Mr. Bunkheang explained that the CPK arranged marriages without people’s consent in order to form a revolutionary family loyal to Angkar. This was implemented in every zone and autonomous sector of the country, and in the military division.

Mr. Bunkheang stated that both Accused had affirmed that the CPK intended to increase the Cambodian population dramatically from approximately 8 million to 15-20 million people within 10 years. Khieu Samphan agreed with an expert who stated that Pol Pot wanted to increase the population dramatically and not reduce it. Khieu Samphan also gave a speech in which he discussed and supported this policy. Nuon Chea admitted his support for this policy in a 1981 interview, and said that the four-year plan for 1977-1980 had been to increase population to 15 million people within 10-15 years.

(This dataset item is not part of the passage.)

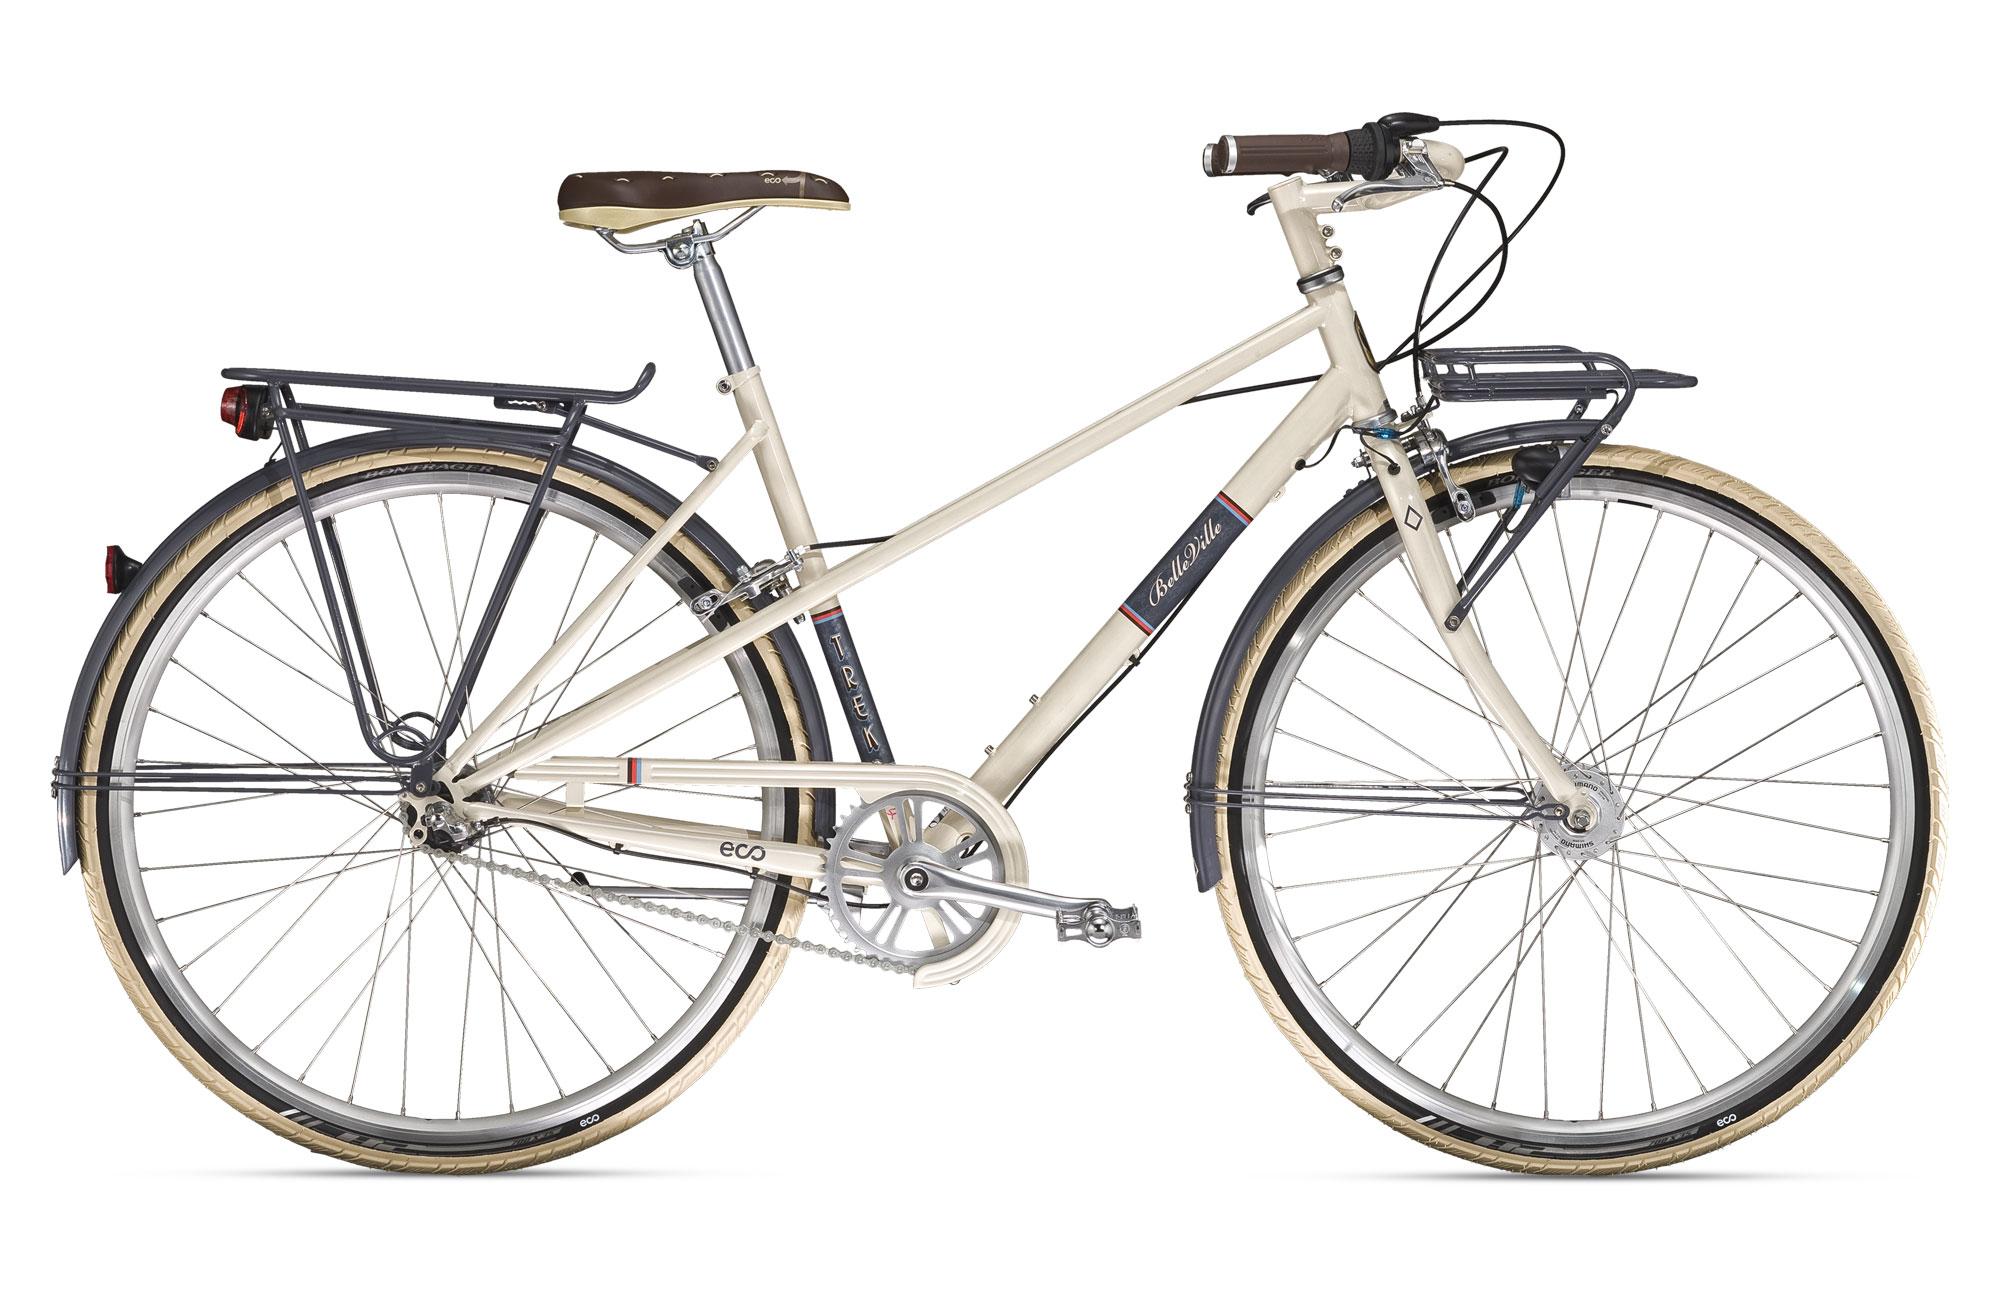 Retro Mixte Bike Belleville Themovement Com

In addition to the statements of both Accused, Mr. Bunkheang also noted the documentary evidence issued by the CPK which stated that population increased, but not as much as was needed by the party. He noted that achieving a goal of doubling a population that was systematically being starved and killed would require an unprecedented increase in the birth rate. To further these goals, CPK would arrange and approve marriages. Nuon Chea admitted to his approved biographer, Thet Sambath, that “the man always wants to choose a beautiful girl, and that is why we force them to get married and Angkar chose the wife.”

Various zone, district, and other CPK officials oversaw the marriage ceremony. This was a policy carried out by individuals at the highest echelons of the party, and its implementation included persons at all levels of society. For example, one witness worked at the Ministry of Commerce, which was overseen by Khieu Samphan. She testified that Khieu Samphan made a speech in which he stated that all female cadres had to work for the state and all females over the age of 19 should arrange to get married. Khieu Samphan did not say whether the marriage should be about love or not, but that women about 19 and male youths about 25 should be arranged to be married. He said that the reason for this was so that they would produce children for the defense of the country.

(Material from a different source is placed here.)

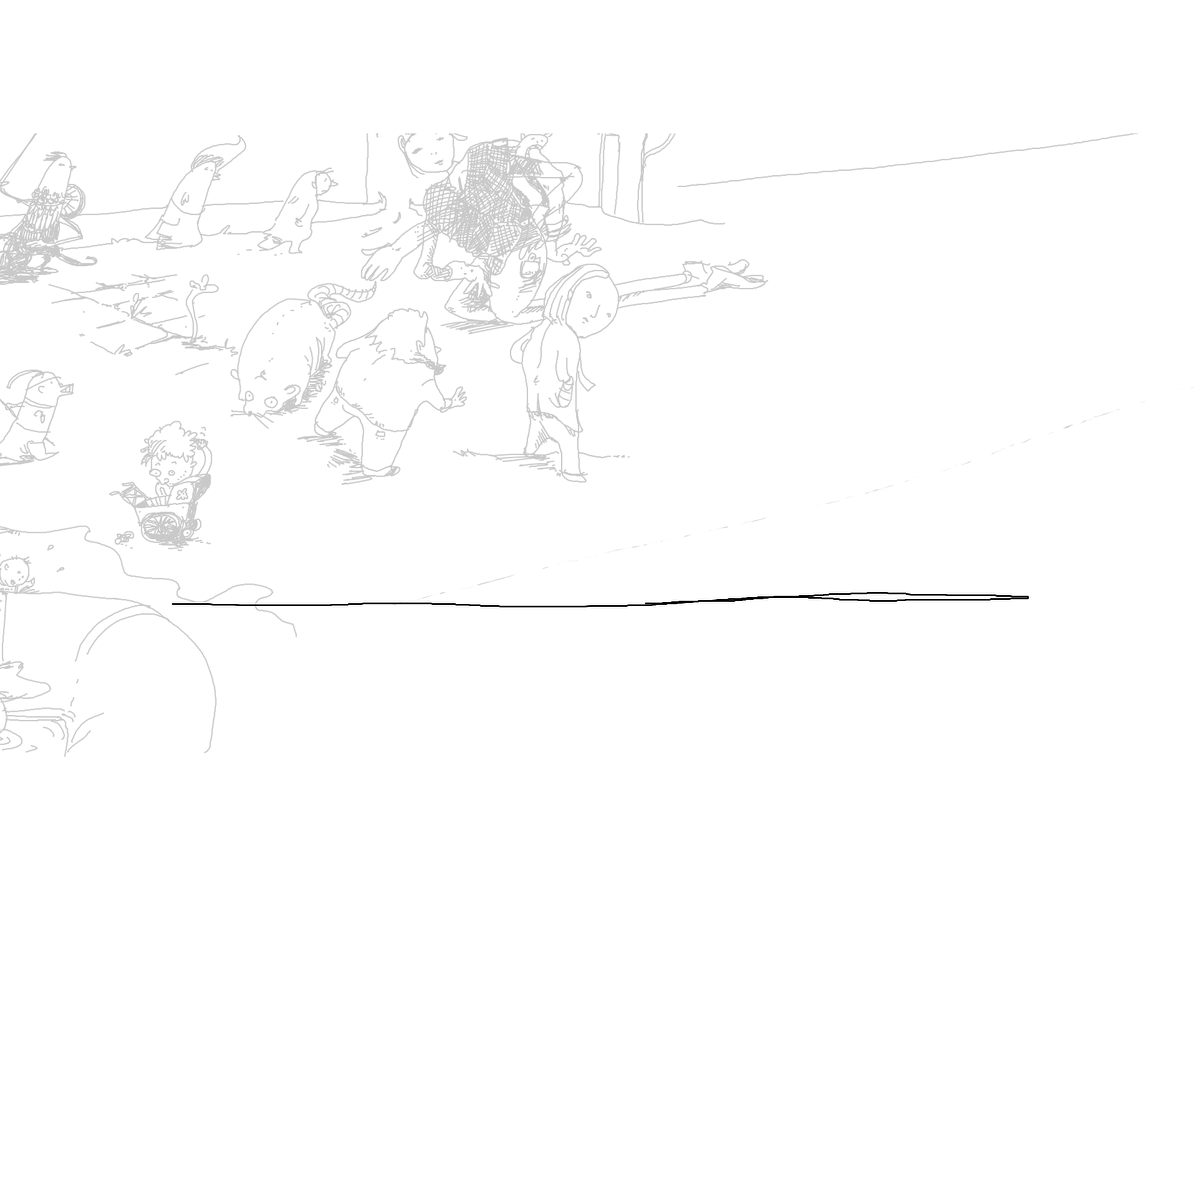 BAAAM drawing#4981 lat:78.7422409057617200lng: -18.1122398376464840

Mr. Bunkheang noted that another witness testified that in 1977, the Ministry of Commerce was told to marry at least 100 couples a month. And a witness from the Ministry of Social Affairs stated that she was forced to marry, and that Angkar arranged the marriages.

Mr. Bunkheang stated that this evidence shows that the first marriage policy emanated from the center of the party.

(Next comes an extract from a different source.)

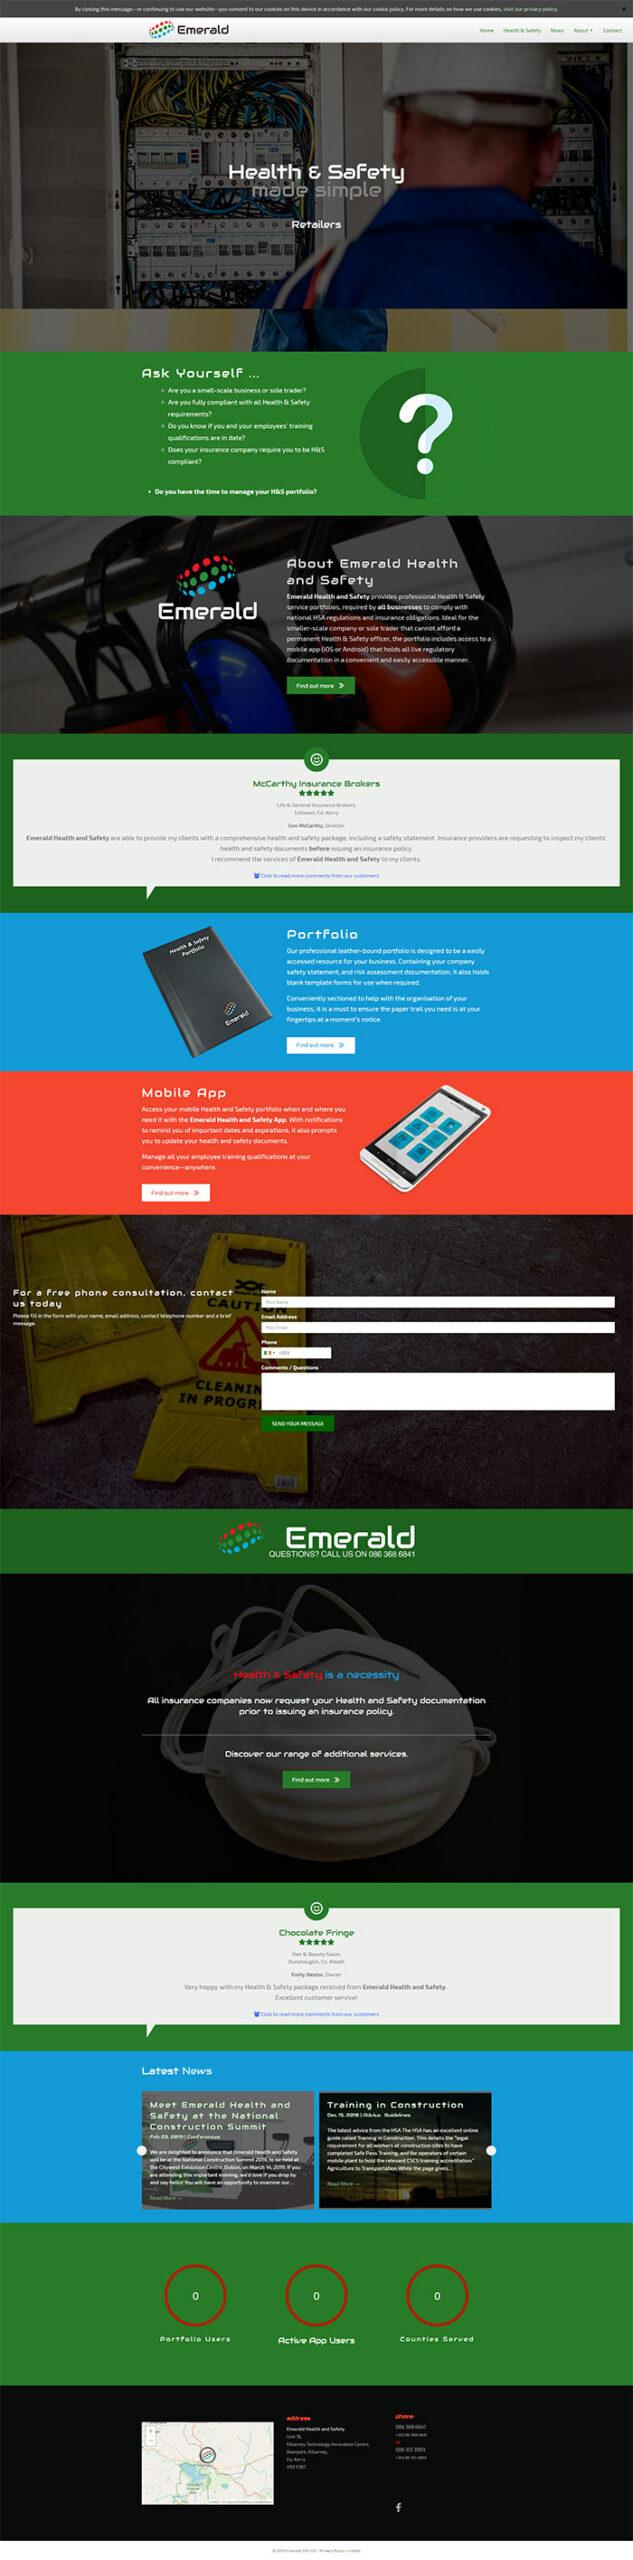 Emerald SSP

In case 002, 54 trial witness testified on forced marriage and 131 witnesses gave written record of interviews of forced marriages. Specifically, 27 witnesses in court testified that they personally were forced to marry; 59 people provided this same evidence through the OCIJ. In addition, 22 people testified to personally witnessing other forced marriages and an additional 52 people provided evidence through the OCIJ that they personally witnessed a forced marriage. This evidence is extensively covered in the final brief.

Mr. Bunkheang stated that this and other evidence concerning forced marriage on the case file shows how forced marriages were implemented, men and women who had sometimes never met each other previously could be married and with little or no notice, and parents were rarely if ever allowed to attend the weddings. After the ceremony, the couple had to make commitments to Angkar, and the policy also determined who could marry whom and paired people of similar socio-economic background. One witness testified that base people had to marry base people and not the 17 April people because of their unclear biographies. He said that there was a fear that the 17 April people would be implicated with the KGB or CIA. Youth league or progressive people should only propose to their own people and likewise party members should propose to other party members. This approach to match-making was not documented, but only discussed in the meetings.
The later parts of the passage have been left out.